Probably the biggest new happiness multiplier in recent memory: I (re)started taking ballet at local studio. Although I am a complete beginner, I grew up on a steady diet of ballet books at varying qualities. I don’t remember when I first saw the photos but I remember being completely entranced by the unparalleled beauty of the form. Lessons were not possible, so I read books, which is always the next best thing. I read all the Noel Streatfeild books, random teen serials where no book is complete without someone bursting into tears mid-dress rehearsal, and of course I read Jill Krementz’s “A Very Young Dancer” so many times that it’s burned into my mind.

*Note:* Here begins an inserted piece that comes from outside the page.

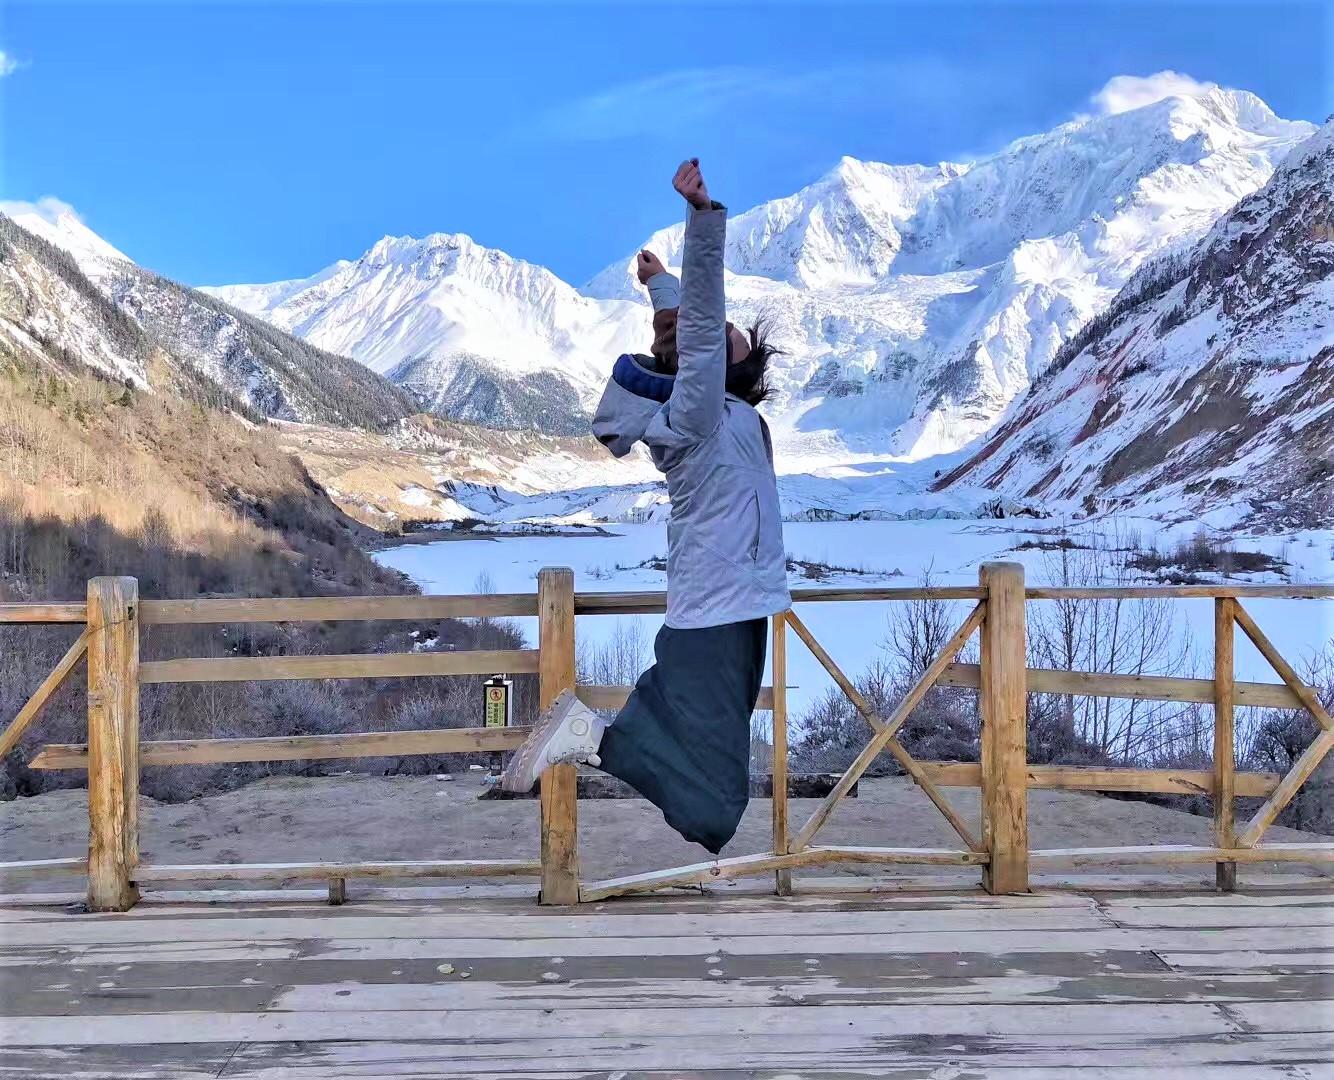 夢迴西藏推薦好評-201903   專業西藏旅遊服務。值得推薦的西藏旅行社-夢迴西藏

I also read all kinds of books about technique, and pored over photographs of classical ballets. Thanks, well-stocked childhood library!
One of the really flattering things that a teacher said at my very first lesson was “I can’t believe you’ve never taken ballet before.” And no matter how failhard I am at every lesson, I definitely laid up that comment to live by whenever I feel discouraged (the adagios in center practice, they slay me). And I do fail pretty hard, even for a beginner. My hips are stiff, I can barely follow simple choreography, and my placement is a mess. But I flatter myself that I have been mentally dancing for a very long time. So even when my feet are not right, I do know exactly what I am supposed to have done, and that sometimes–somehow–just a bit–shines through the mess of bad posture and worse turnout.
The other thing I love about ballet is that … I am a fairly competitive and perfectionist person in most areas of my life, but dancing shuts down that part of my brain. That makes it freeing and meditative–I suspect that ballet is to me as yoga is to a lot of people. If my steps are not perfect, that’s just my version of it and it’s as valid as anyone else’s, and I am shockingly content with that.
Which is the complete opposite of how I feel about writing! I submit my stories for publication, and I love it when people read and hopefully enjoy my stories. Part of me feels that a story is not real until it is shared–that it’s just a hallucination in my brain until someone else confirms that they heard those voices too.
In ballet, I do not feel that way. I am overjoyed just to be in the studio. I could do endless tendus alone save for the accompanying music on my phone. I feel absolutely no need to be on a stage.
I wonder if I would be a better writer, if I also felt that way about my writing?
Anyway, this was a rambling post. If you want to read a serious post about taking ballet as an adult, I wholeheartedly recommend the excellent essay “Swan, Late: The unexpected joys of adult beginner ballet.”